PETER MOLLOY V WENDY MOLLOYAnnotate this Case
STATE OF MICHIGAN
COURT OF APPEALS
December 15, 2000
Wayne Circuit Court
LC No. 98-835819-DM
February 2, 2001
Before: Collins, P.J., and Jansen and Zahra, JJ.
ZAHRA, J. (concurring).
I concur in the majority's reasoning and conclusion that remand to the trial court is
necessary because the trial court failed to comply with MCL 722.26a(1)(b); MSA
25.312(6a)(1)(b) before ordering joint legal and physical custody of the litigants' minor child. I
also concur in the majority's conclusion that the judgment of the trial court should be affirmed in
all other respects. I write separately, however, because I conclude that defendant failed to
preserve the issue whether the trial court improperly extended the in camera interview of the
litigants' minor child to matters beyond the reasonable preference of the child. MCL 722.23(i);
MSA 25.312(3)(i). Because, in my opinion, the issue on which the majority declares a conflict
under MCR 7.215(H)(2) is not preserved, I conclude that Hilliard v Schmidt, 231 Mich App 316;
586 NW2d 263 (1998), does not determine the outcome of this case.
As observed by the majority, plaintiff brought a pretrial motion in limine to allow
plaintiff to solicit testimony from the litigants' ten-year-old minor child relating to issues of fault.
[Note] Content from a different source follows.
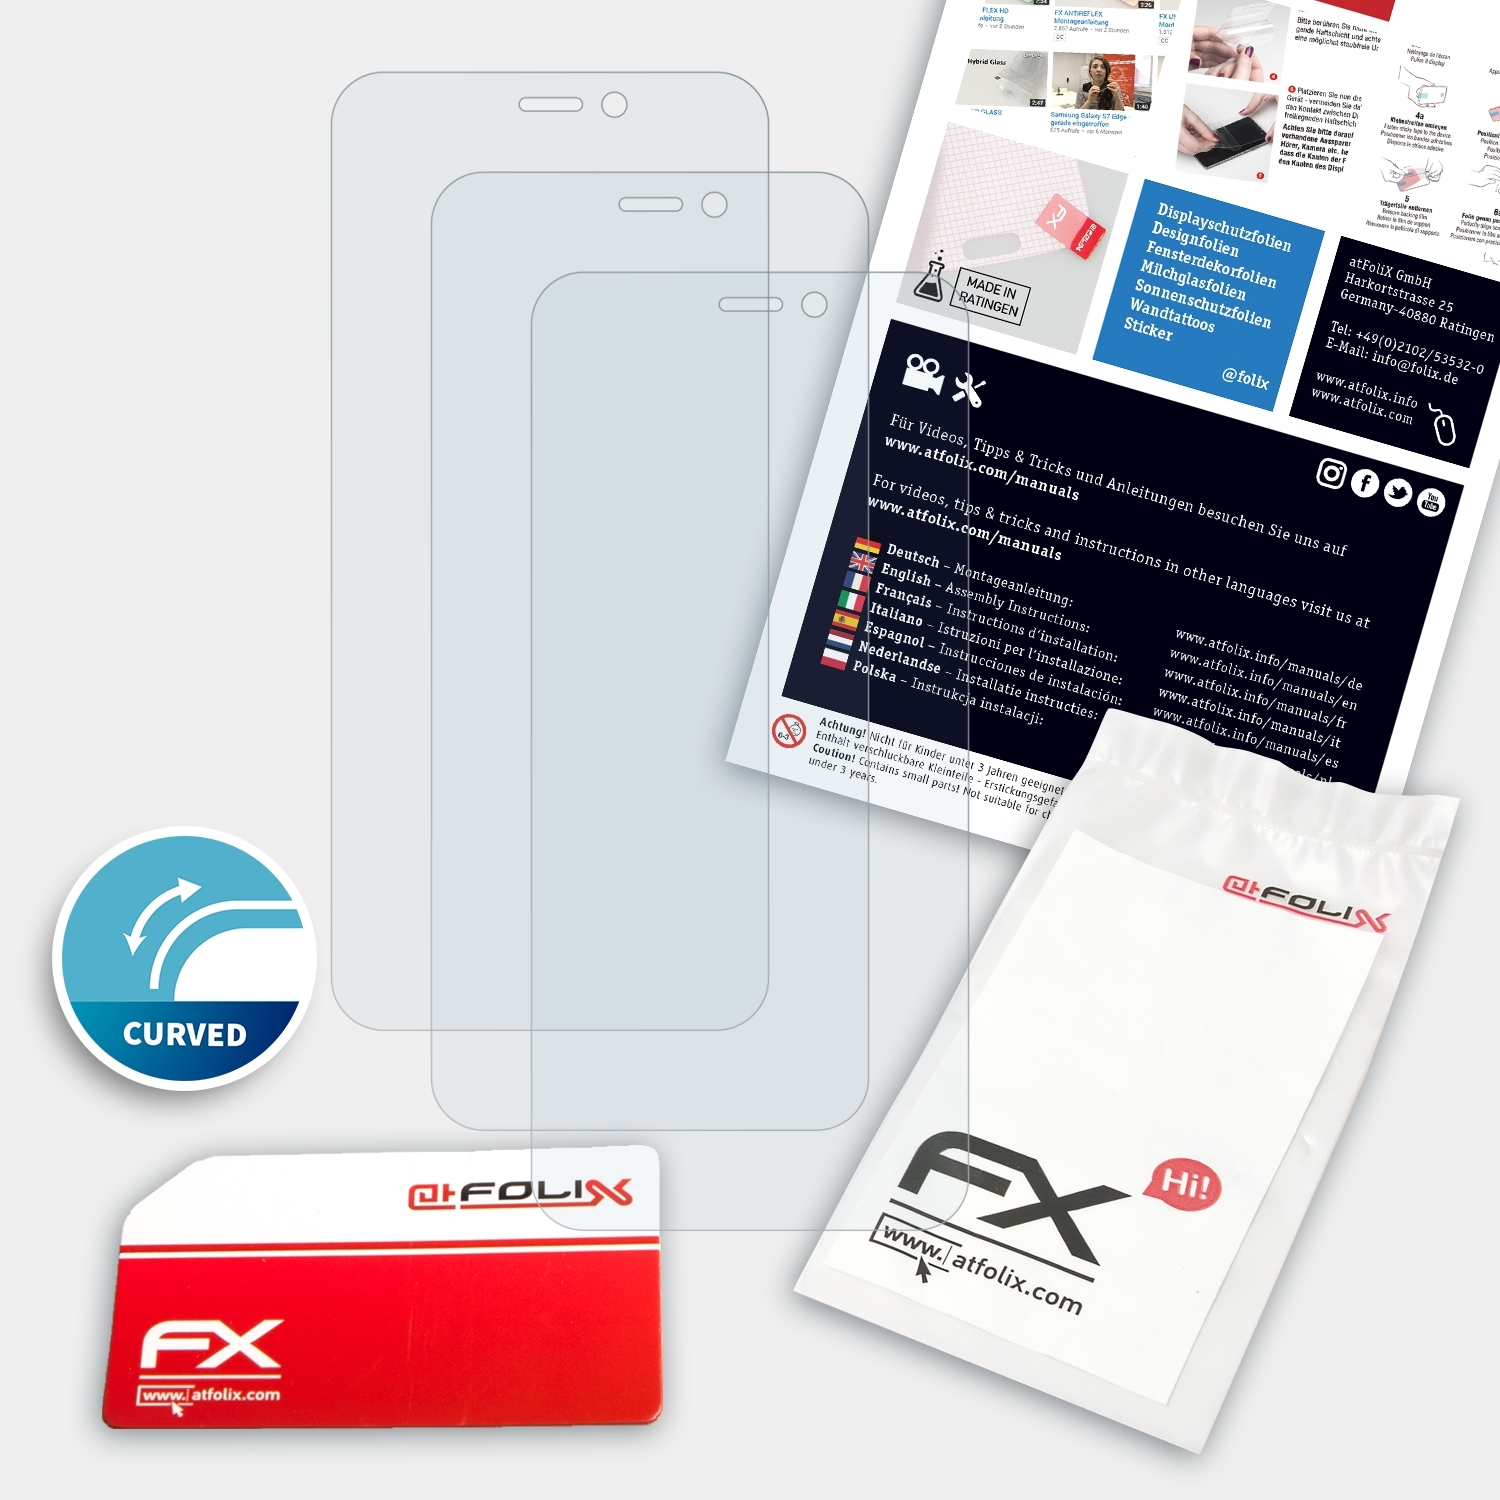 ATFOLIX 3x FX-ActiFleX Displayschutz(für Vodafone N10) Smart

The trial court issued a written order granting the motion to allow such evidence. The order
further states that the litigants "stipulated to [the] order on the record." The trial court speaks
through its written orders. People v Vincent, 455 Mich 110, 123; 565 NW2d 629 (1997), citing
Tiedman v Tiedman, 400 Mich 571, 576; 255 NW2d 632 (1977). Moreover, the written order is
consistent with the record. While arguing in support of allowing testimony from the minor child,
the litigants and the court had the following exchange:
[Plaintiff 's counsel]: I . . . ask Sister Counsel to agree that when, your
Honor interviews the child that perhaps, based upon some questions that we could
write up and give to your Honor, in advance, perhaps those matters could be
touched upon while your Honor, talks about the—to the child about reasonable
preference and things of that sort.
The Court: Well, generally when I do question the children, I ask them
about the relationship between their parents and some of the things that they're
[sic] observed. So I would be inclined to consider incorporating questions that
Counsel present during my personal interview. I would, of course, like to review
those questions beforehand. And I will let you now [sic] which questions I will be
asking because I don't want to put the child on the spot. And that will be
something that we'll have to take up as a preliminary matter on the 18th.
Your Honor, I'm not inclined to even present
The Court: Okay.
[Defendant's counsel]: I have enough faith in this Court that the Court
will ask the child questions in such a way not to pit the child mother against
father. And I am not going to prepare questions to have the child testify to fault as
to his parents.
The Court: Right.
Defendant's failure to preserve this issue is particularly significant because she is claiming
a due process error.
Due process is a flexible concept, which calls for such procedural
protections as a particular situation demands. In re Brock, 442 Mich 101, 111; 499 NW2d 752
(1993), quoting Mathews v Eldridge, 424 US 319, 332, 334; 96 S Ct 893; 47 L Ed 2d 18 (1976).
At its core, due process requires that a litigant be given notice and an opportunity to be heard
before the litigant may be deprived of a vested right. Id. at 332. In this case, the October 8,
1999, hearing on plaintiff 's motion in limine provided defendant with both notice and an
opportunity to be heard regarding the scope and manner by which the minor child would be
questioned by the court. Defendant, having voluntarily relinquished her opportunity to address
this issue, should not be permitted to complain about a denial of process.
Accordingly, I would affirm the judgment of the trial court with regard to the question
whether the in camera interview of the minor child impermissibly extended beyond the question
of the child's reasonable preference relating to custody. I reached this decision not because I am
required to do so on the basis of the precedential effect, pursuant to MCR 7.215(H)(I), of
Hilliard, supra. Rather, I reach this decision because defendant failed to preserve the question.